The NYSE did not respond to Business Insider’s request for comment.

Over the past decade, hundreds of businesses, including Charles Schwab, Oracle, and HPE, have established a base in Texas, their leaders citing business-friendly taxes and regulations.

Billionaire Elon Musk has added momentum to the migration. He moved Tesla’s headquarters to Austin in 2021. In July, he announced that he would also move X and SpaceX to Texas, and said that other companies would follow suit.

Texas is now home to more than 3.3 million startups and small businesses and 1 in 10 publicly traded companies in the US, according to a fact sheet from Texas governor Greg Abbott. At $2.6 trillion, it’s the eighth largest economy in the world, surpassing countries like Russia, Canada and Italy.

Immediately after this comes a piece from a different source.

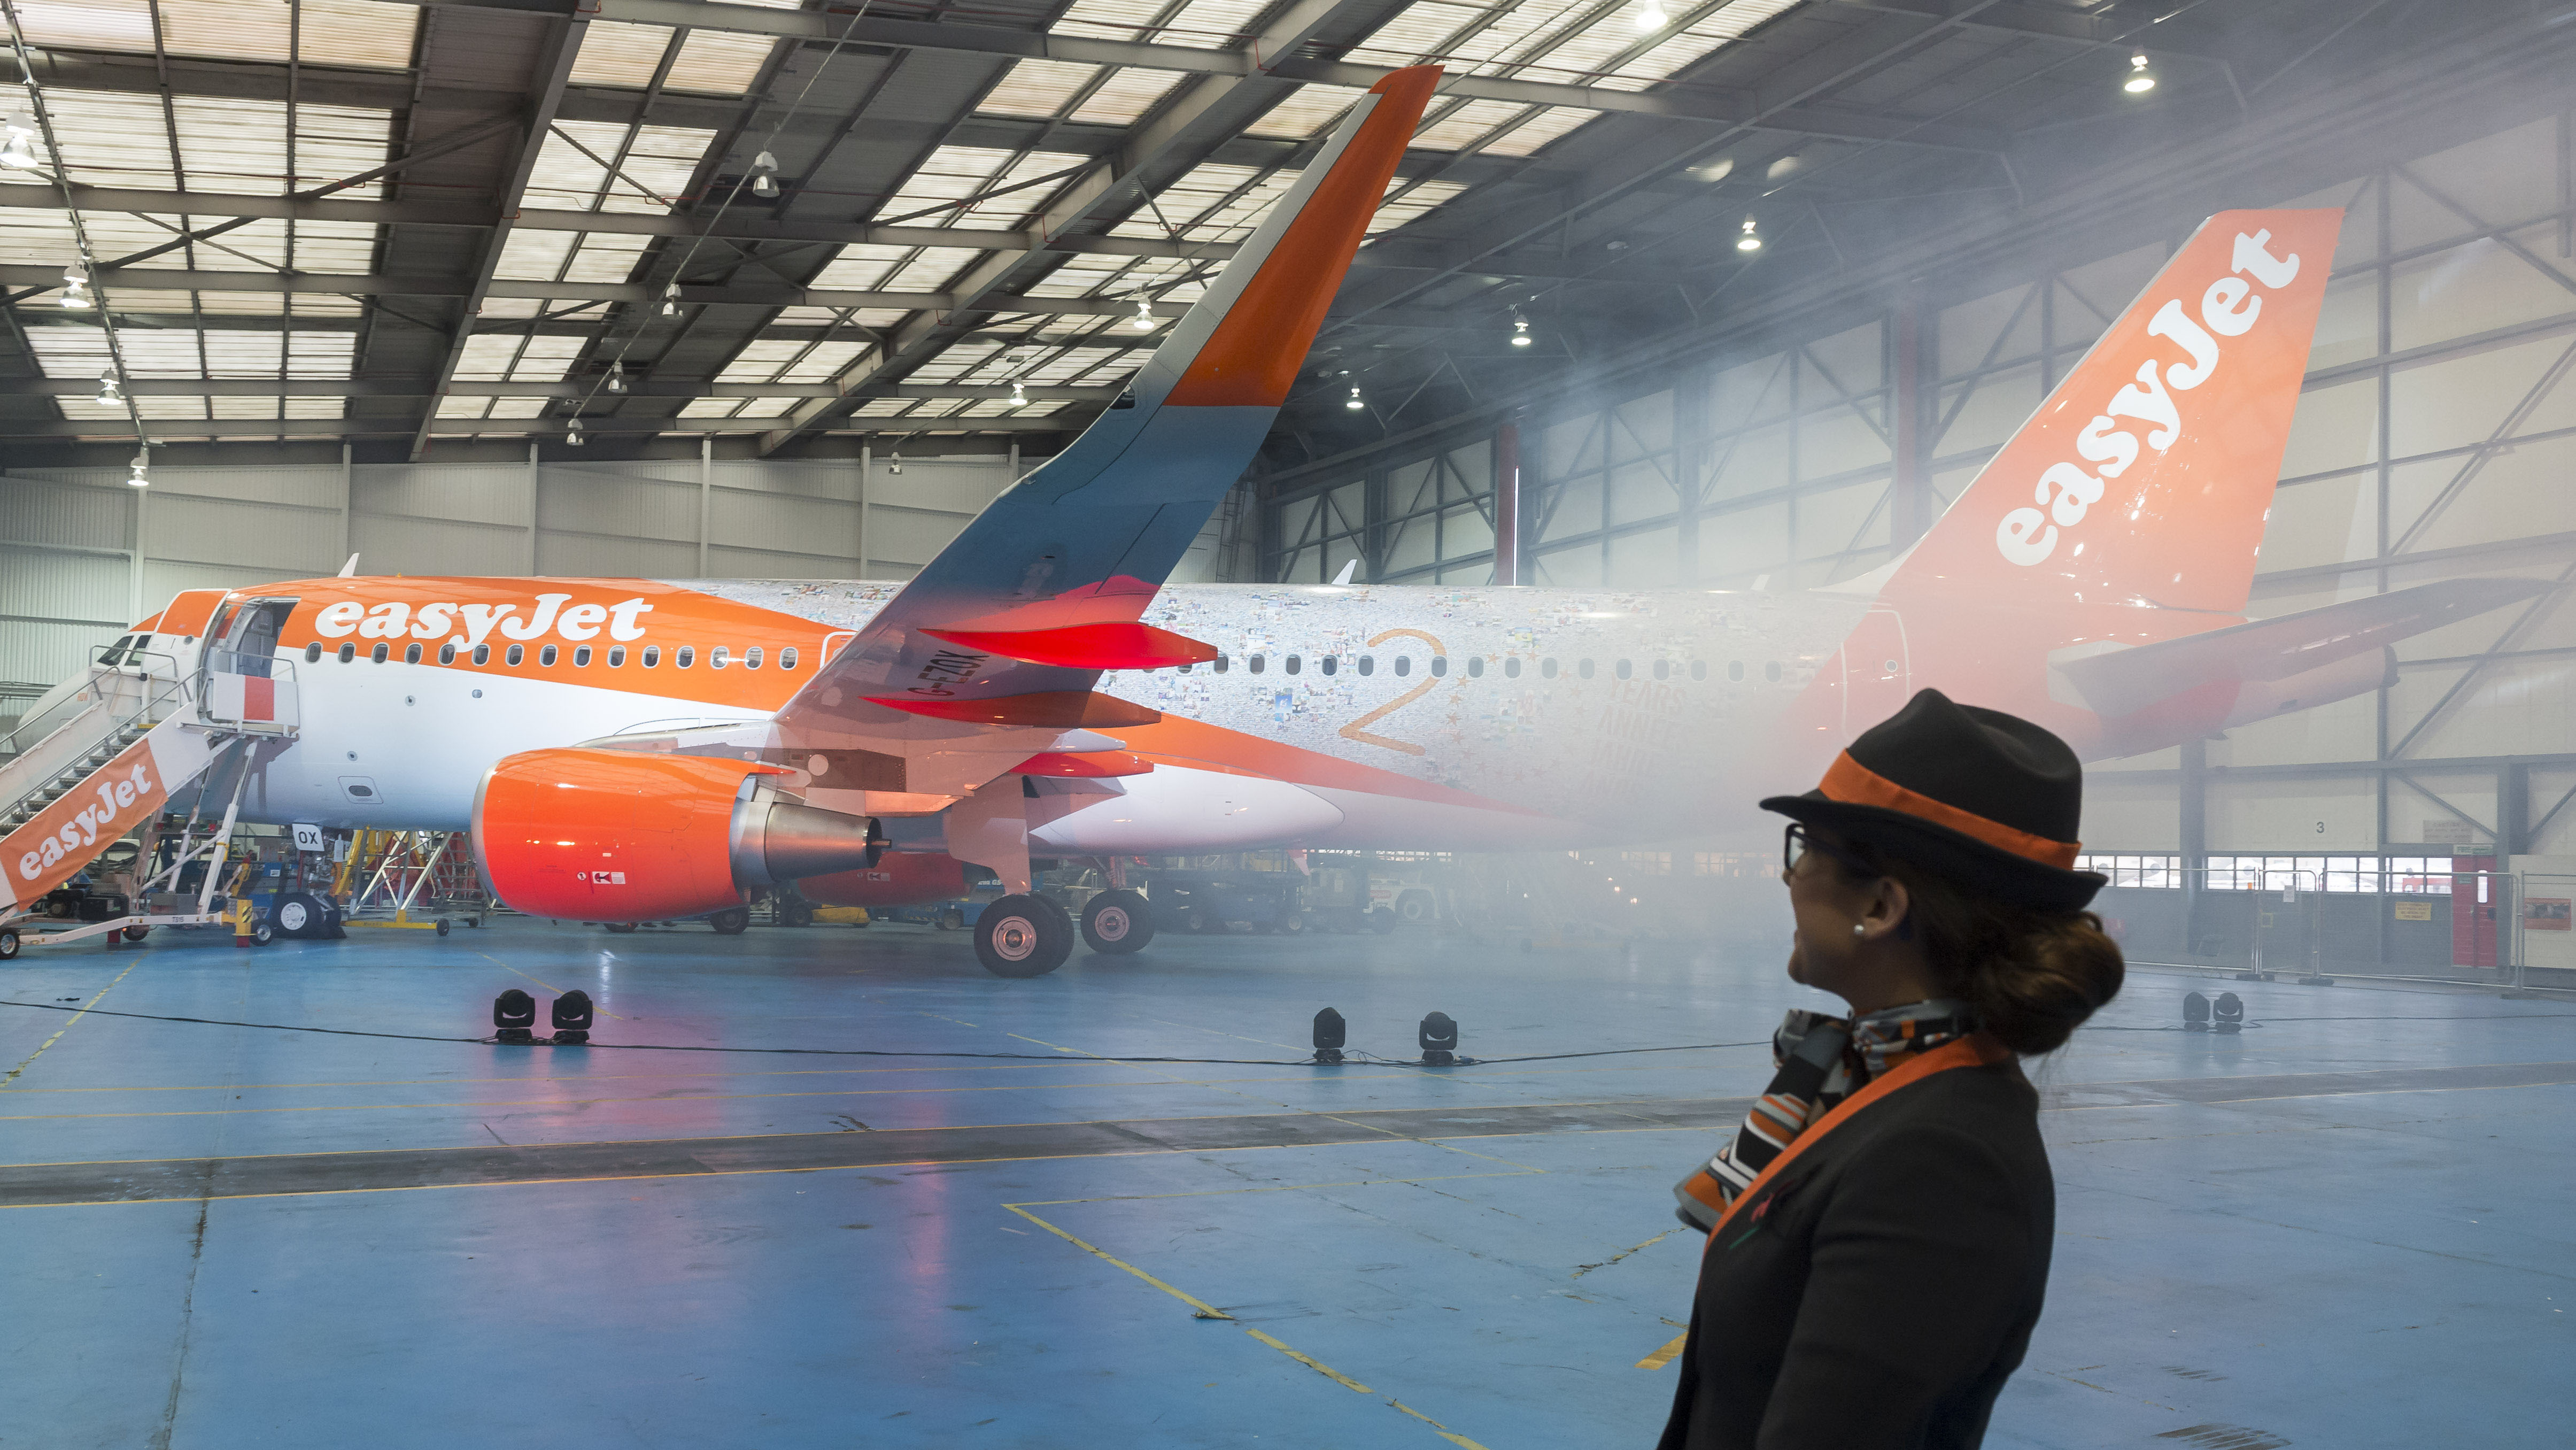 2015-11-10 11:59:38 LONDEN - De viering van het twintig jarig bestaan van luchtvaartmaatschappij easyJet in Hangar89 op Londen Luton. ANP LEX VAN LIESHOUT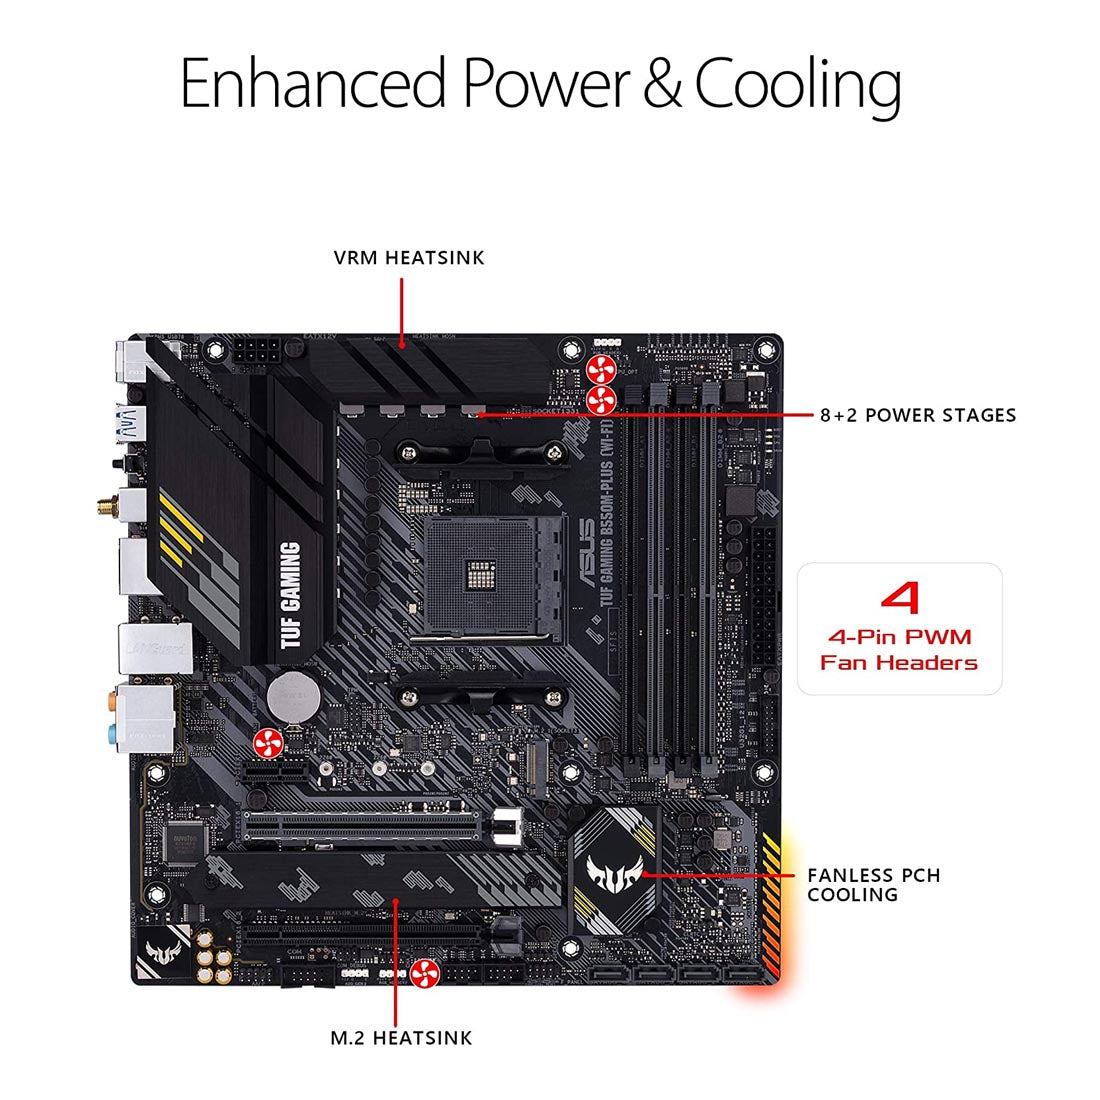 Asus B550 TUF गेमिंग B550M-Plus WiFi AMD AM4 mATX गेमिंग मदरबोर्ड PCIe 4.0 डुअल M.2 और ऑरा सिंक के साथ

“Texas is the most powerful economy in the nation, and now we will become the financial capital of America,” Texas Gov. Greg Abbott said in a statement on Wednesday. “With the launch of NYSE Texas, we will expand our financial might in the United States and cement our great state as an economic powerhouse on the global stage.”

The arrival of the centuries-old NYSE signals that Dallas may be emerging as the state’s financial capital. In January, the Texas Stock Exchange — a smaller competitor backed by major financial institutions like BlackRock, Citadel Securities, Charles Schwab — announced that it had filed its Form 1 registration with the US Securities and Exchange Commission and was targeting a 2026 launch.